_MATERIAL FOR THIS EXERCISE_
┌──

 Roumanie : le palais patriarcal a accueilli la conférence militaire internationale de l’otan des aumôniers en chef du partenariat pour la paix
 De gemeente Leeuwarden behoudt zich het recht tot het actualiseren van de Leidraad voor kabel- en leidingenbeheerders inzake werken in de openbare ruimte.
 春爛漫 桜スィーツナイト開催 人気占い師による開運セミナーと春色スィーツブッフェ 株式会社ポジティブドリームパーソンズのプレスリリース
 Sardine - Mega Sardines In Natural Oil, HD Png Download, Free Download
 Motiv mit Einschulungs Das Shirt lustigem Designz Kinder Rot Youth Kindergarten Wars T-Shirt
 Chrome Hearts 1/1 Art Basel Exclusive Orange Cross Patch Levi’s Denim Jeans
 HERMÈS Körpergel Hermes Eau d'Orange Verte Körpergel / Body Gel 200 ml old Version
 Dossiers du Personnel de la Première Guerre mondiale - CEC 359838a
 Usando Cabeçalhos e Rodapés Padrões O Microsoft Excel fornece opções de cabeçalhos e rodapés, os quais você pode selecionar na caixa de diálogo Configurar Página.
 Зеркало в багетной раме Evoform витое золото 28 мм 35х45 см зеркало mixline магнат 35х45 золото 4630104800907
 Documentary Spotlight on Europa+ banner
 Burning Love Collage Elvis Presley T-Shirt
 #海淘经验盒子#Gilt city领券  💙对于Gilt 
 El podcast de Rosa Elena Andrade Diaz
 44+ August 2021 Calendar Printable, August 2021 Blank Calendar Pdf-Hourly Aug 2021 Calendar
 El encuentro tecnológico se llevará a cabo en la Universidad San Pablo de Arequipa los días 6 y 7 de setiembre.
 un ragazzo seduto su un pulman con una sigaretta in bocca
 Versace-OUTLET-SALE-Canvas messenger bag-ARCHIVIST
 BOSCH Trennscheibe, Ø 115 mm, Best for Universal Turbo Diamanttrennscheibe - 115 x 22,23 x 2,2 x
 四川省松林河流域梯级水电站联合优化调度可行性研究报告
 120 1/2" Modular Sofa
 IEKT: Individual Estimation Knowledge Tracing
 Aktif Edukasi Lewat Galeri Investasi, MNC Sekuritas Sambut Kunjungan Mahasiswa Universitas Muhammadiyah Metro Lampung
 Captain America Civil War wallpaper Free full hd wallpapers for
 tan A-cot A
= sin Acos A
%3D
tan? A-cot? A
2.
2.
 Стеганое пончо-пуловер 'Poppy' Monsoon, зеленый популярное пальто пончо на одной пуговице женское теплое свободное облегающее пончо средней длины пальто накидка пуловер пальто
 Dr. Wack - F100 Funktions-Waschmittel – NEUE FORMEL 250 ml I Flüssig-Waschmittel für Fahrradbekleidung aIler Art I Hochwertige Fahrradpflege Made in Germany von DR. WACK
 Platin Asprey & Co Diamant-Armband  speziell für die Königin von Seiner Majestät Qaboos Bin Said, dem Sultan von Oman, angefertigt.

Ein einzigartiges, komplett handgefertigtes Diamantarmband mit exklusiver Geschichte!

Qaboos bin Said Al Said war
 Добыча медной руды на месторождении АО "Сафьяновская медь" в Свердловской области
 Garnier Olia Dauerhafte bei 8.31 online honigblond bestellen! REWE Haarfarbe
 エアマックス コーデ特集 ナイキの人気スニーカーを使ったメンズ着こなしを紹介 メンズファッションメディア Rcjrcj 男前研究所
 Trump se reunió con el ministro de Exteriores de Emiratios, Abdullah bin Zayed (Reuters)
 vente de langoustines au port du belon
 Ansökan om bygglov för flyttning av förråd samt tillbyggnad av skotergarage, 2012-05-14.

└──

_PROBLEM TO SOLVE_
Determine how many lines of the material hold "Orange", and respond with that number only.

_SOLUTION_
2